Despite the high volume of the battle between lawmakers and lobbyists about the degree to which the regional Bell companies should be regulated, theres a strong chance that, in the end, the skirmish on Capitol Hill will be called a draw.
Yet, there are bits and pieces of telecommunications policy that are still working their way through Congress. They revolve around bringing broadband connections to rural America and, in a year marked by severe economic braking, they could conveniently help lawmakers announce to their anxious constituents that when it comes to the economy, yes, they are doing something.

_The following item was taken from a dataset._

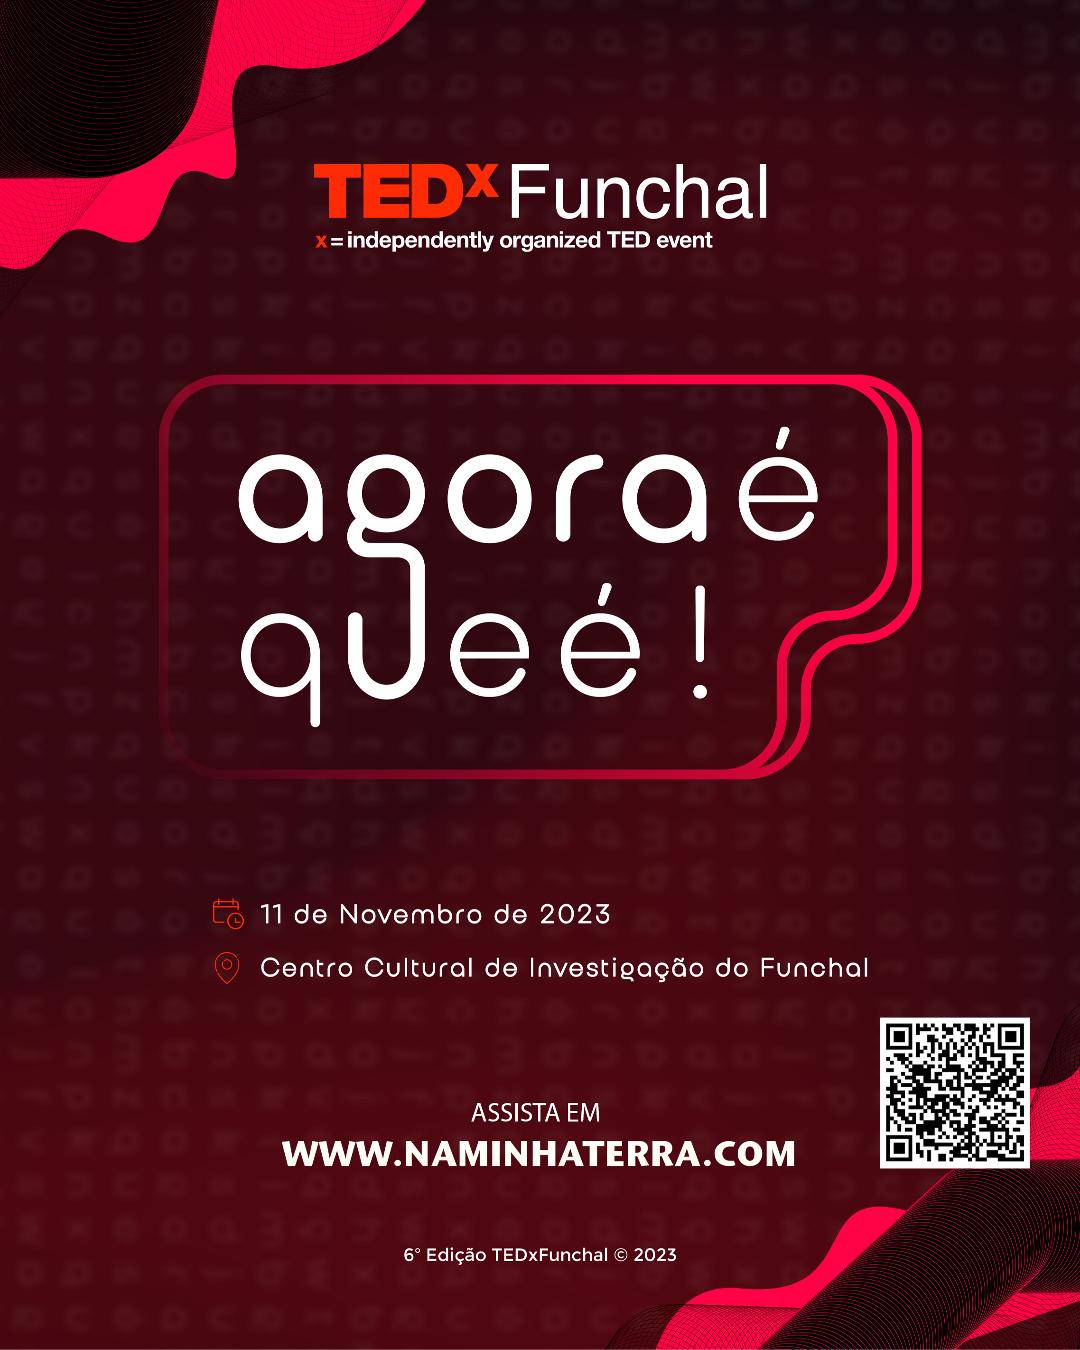 TEDX FUNCHAL 2023 | Agora é que é

Ironically, however, the same argument for aggressive broadband policy — the shrinking economy — works against it as well. The most prominent measure, which would provide tax credits for the deployment of broadband networks, would sap dollars from the federal treasury — which, thanks to the foundering economy, no longer luxuriates in surplus but skirts around deficit.
In addition, many experts agree that many of the rural broadband bills ultimately wouldnt have much impact on the spread of broadband into rural areas anyway.
“Tax incentives might help, but they wont compensate for the fact that [rural broadband] is not an economic winner — at least not now,” said Scott Reiter, a senior telecommunications specialist of the National Telephone Cooperative Association, a trade association representing small rural phone companies. “People want [broadband], but not bad enough to have a significant number of them take to it. In other words, the market doesnt seem entirely ripe for it yet.”
According to a study conducted by the NTCA last summer, 21 percent of rural companies offering residential DSL service do not have any customers. Neither do 29 percent of those offering business DSL. About half of the surveyed companies offered DSL, but only about 1 percent of their customers have signed up for it.
The Broadband Internet Access Act of 2001, introduced earlier this year, had wide congressional support: 60 cosponsors in the Senate, before lawmakers left for the August recess, and 170 cosponsors in the House. But with the budget surplus shrinking, so might momentum.
“I think everything is being framed by the dwindling surplus,” said Ken Johnson, a senior telecommunications consultant of law firm Bennet & Bennet. “It costs $2.1 billion over the next couple of years. Its up in the air, along with any other spending program.”
Although the tax credit bill might stall, a new government program aimed at providing low-interest loans to companies deploying broadband in rural areas will likely be inserted into this years reauthorization of the 1996 Farm Bill, according to Don Erickson, legislative director of the Organization for the Promotion and Advancement of Small Telecommunications Companies.
Erickson said another bill is in the works to exempt rural telecommunications carriers from having to share data networks with competitors.
The rural broadband initiatives disturb some conservatives, who fear they set the stage for too much government involvement.
“Policymakers feel the need to do something. If they cant deal with the legal problems, theyll do promotional activities. Whether it helps or not is another story,” said Adam Thierer, director of telecommunications studies of the Cato Institute, a conservative think tank.